WORK REQUEST. A word-for-word retyping of the listing below is required, with the pictures dropped.

STORED DATA.
'''
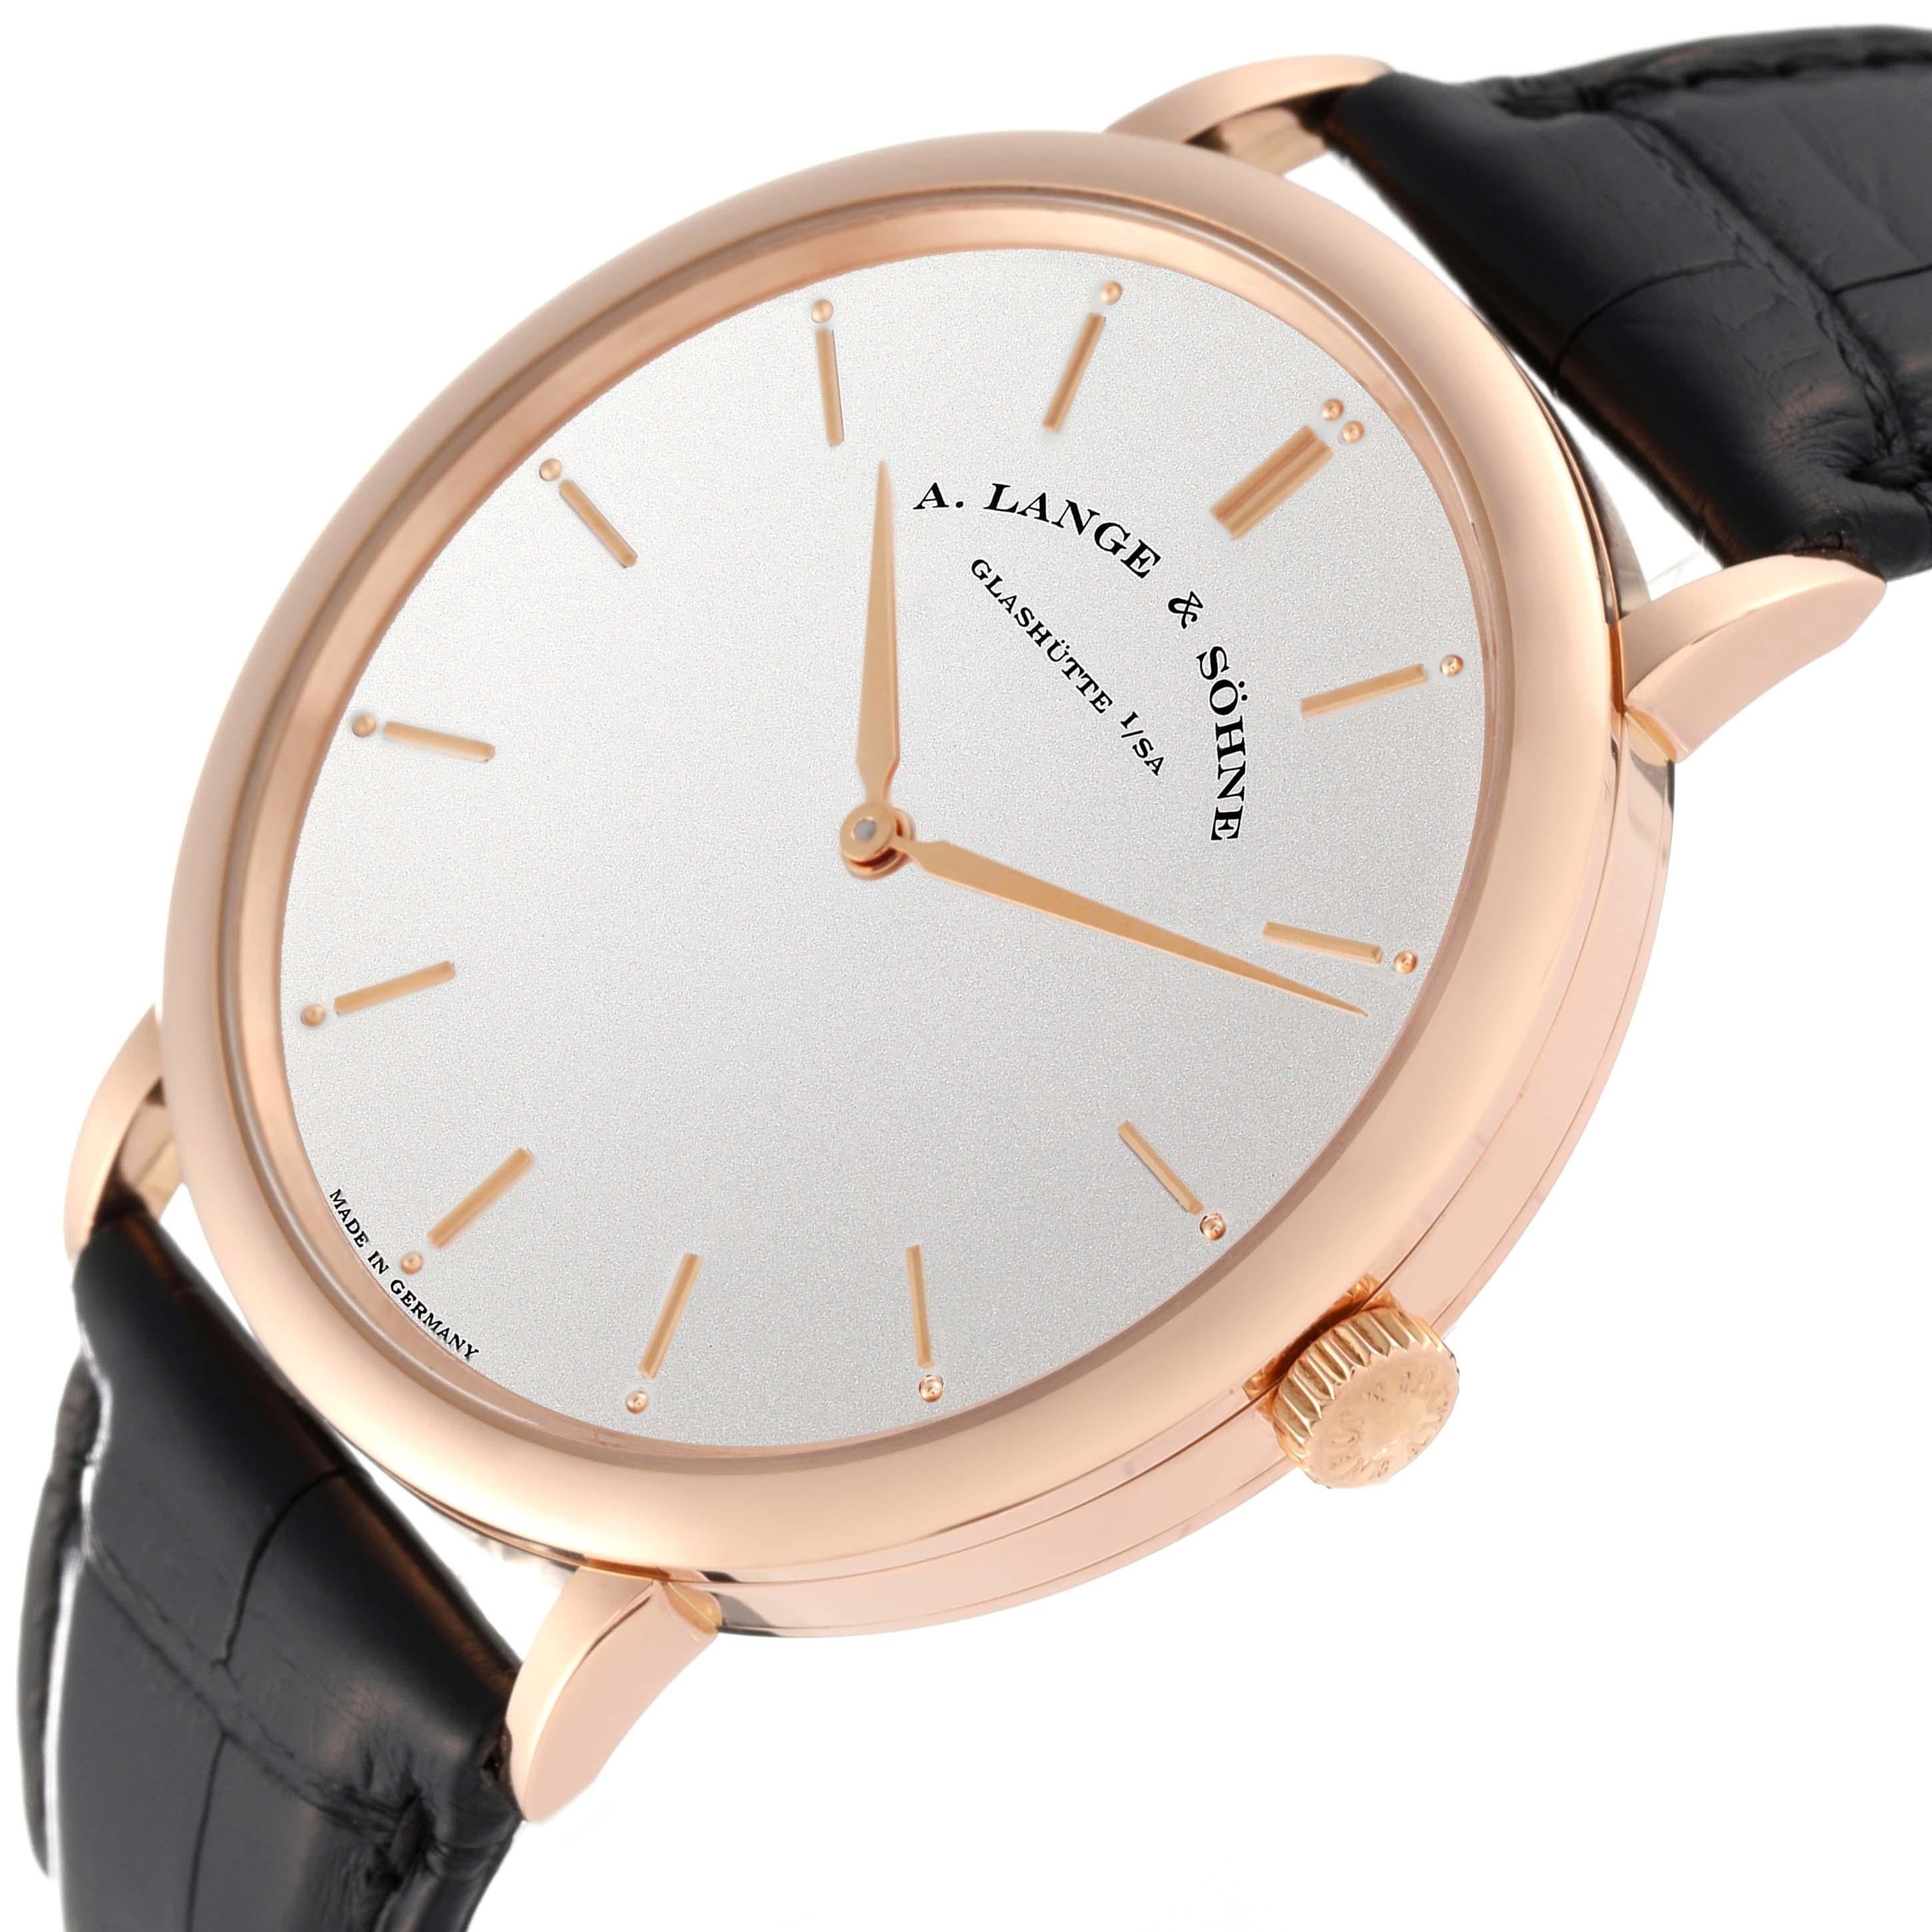 Men's A. Lange and Sohne Saxonia Thin 40mm Rose Gold Mens Watch 211.032 For Sale
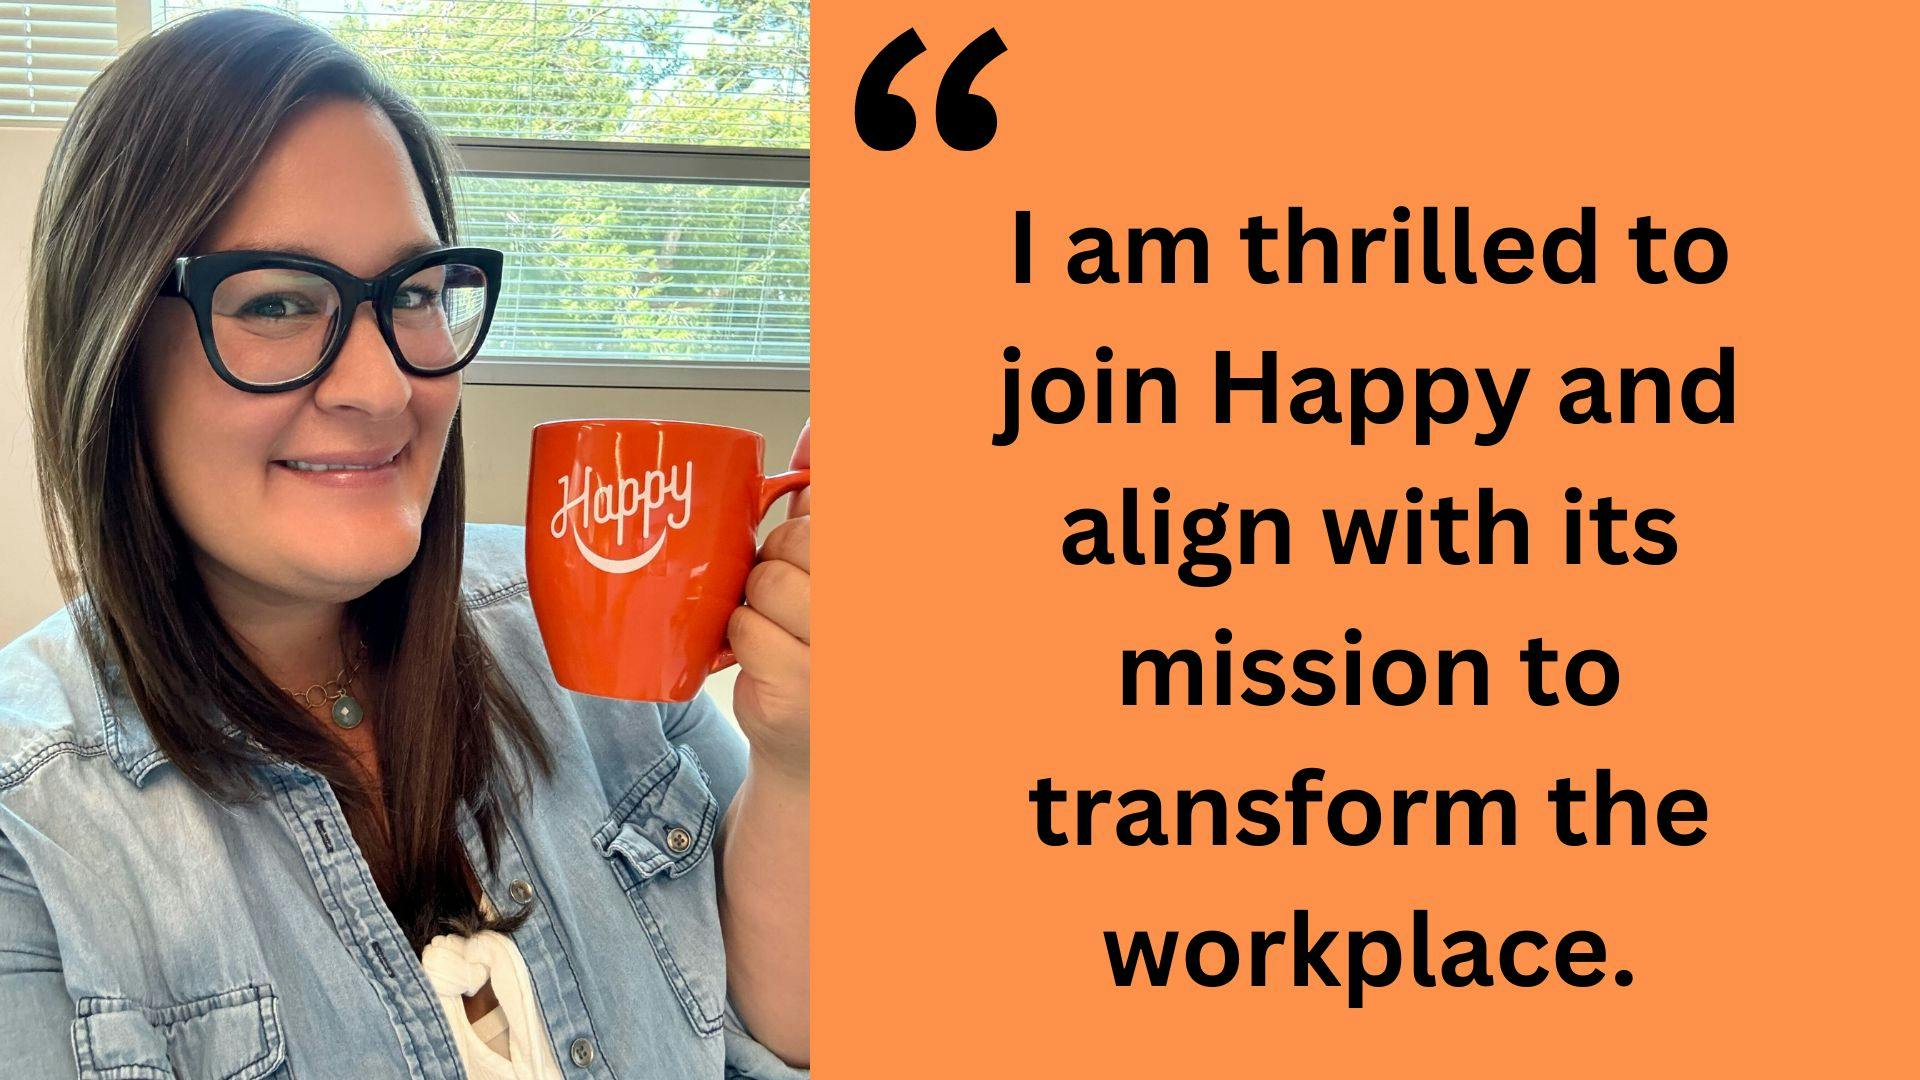 image of Rahshea Cardiff next to text that reads: "I am thrilled to join Happy and align with its mission to transform the workplace." Quote by Rahshea Cardiff. 
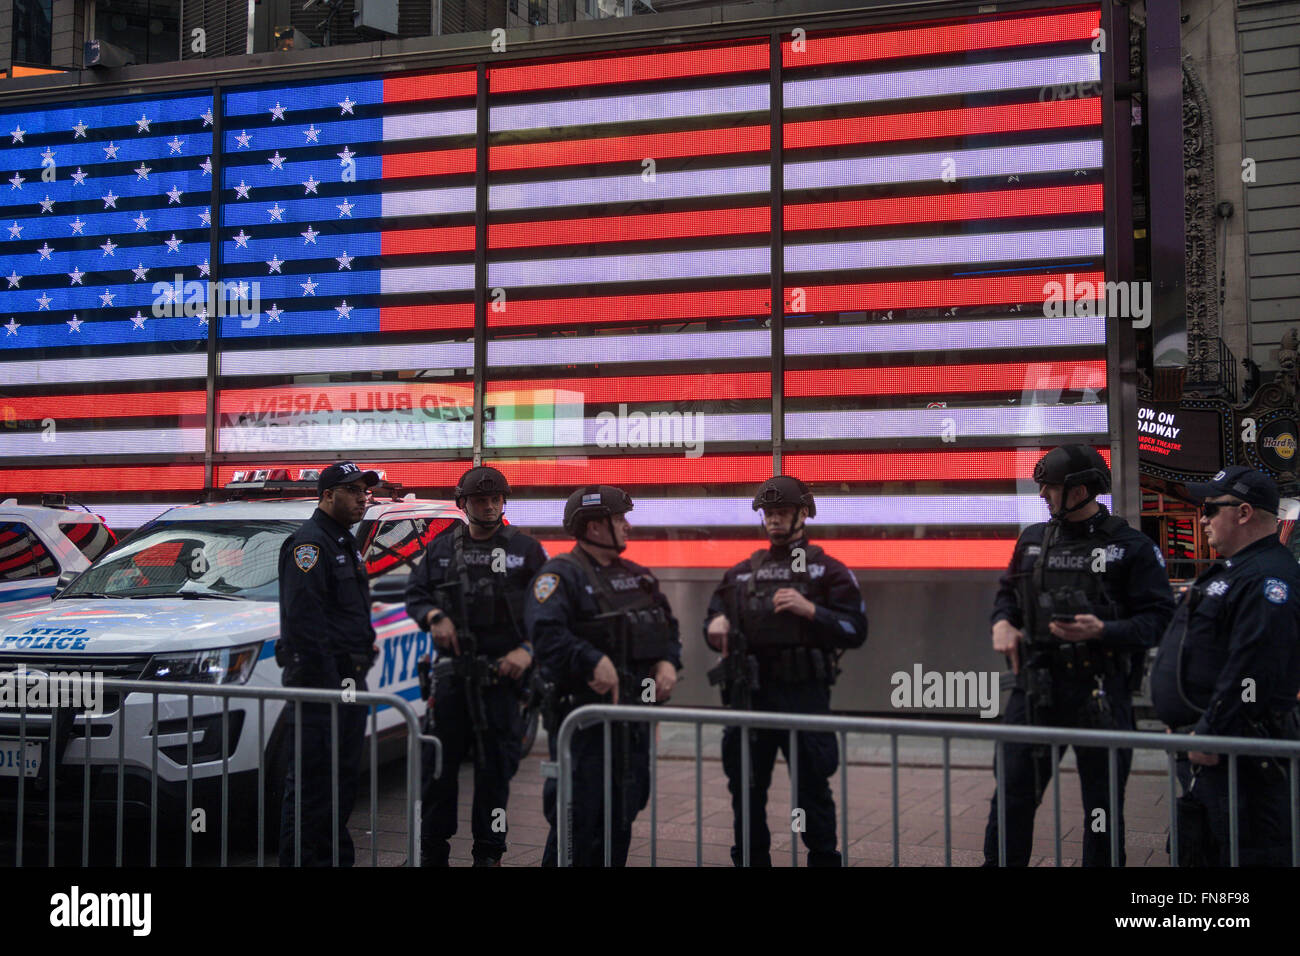 Swat Team in front of the American Flag on the U.S. Recruiting Station, Times Square, NYC Stock Photo
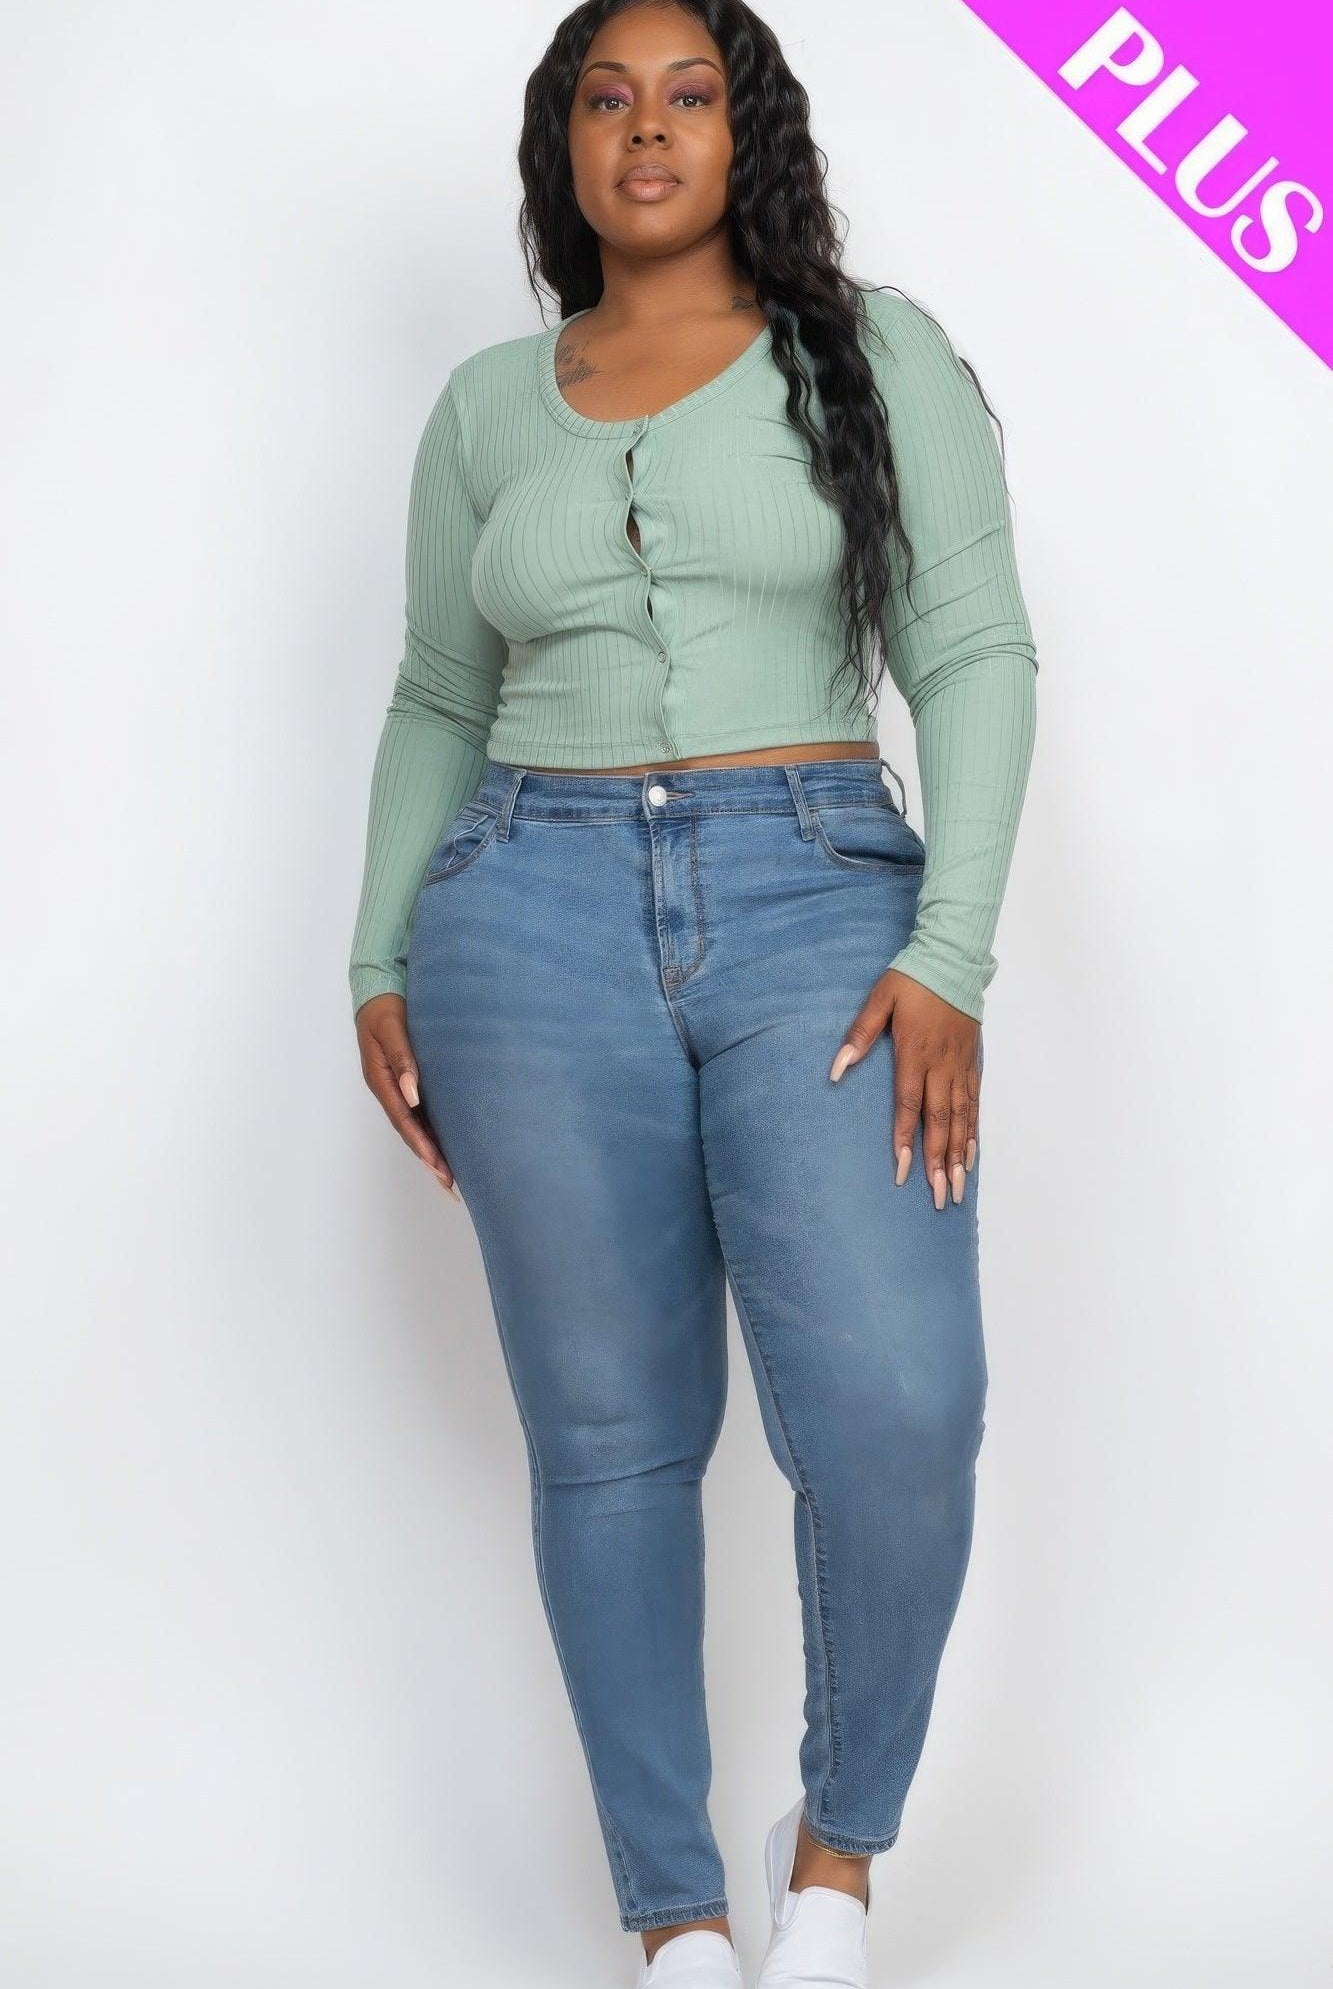 Women's Shirts Plus Size Button Up Cropped Top
'''
EXERCISE RESULT.
 Men's A. Lange and Sohne Saxonia Thin 40mm Rose Gold Mens Watch 211.032 For Sale
 image of Rahshea Cardiff next to text that reads: "I am thrilled to join Happy and align with its mission to transform the workplace." Quote by Rahshea Cardiff. 
 Swat Team in front of the American Flag on the U.S. Recruiting Station, Times Square, NYC Stock Photo
 Women's Shirts Plus Size Button Up Cropped Top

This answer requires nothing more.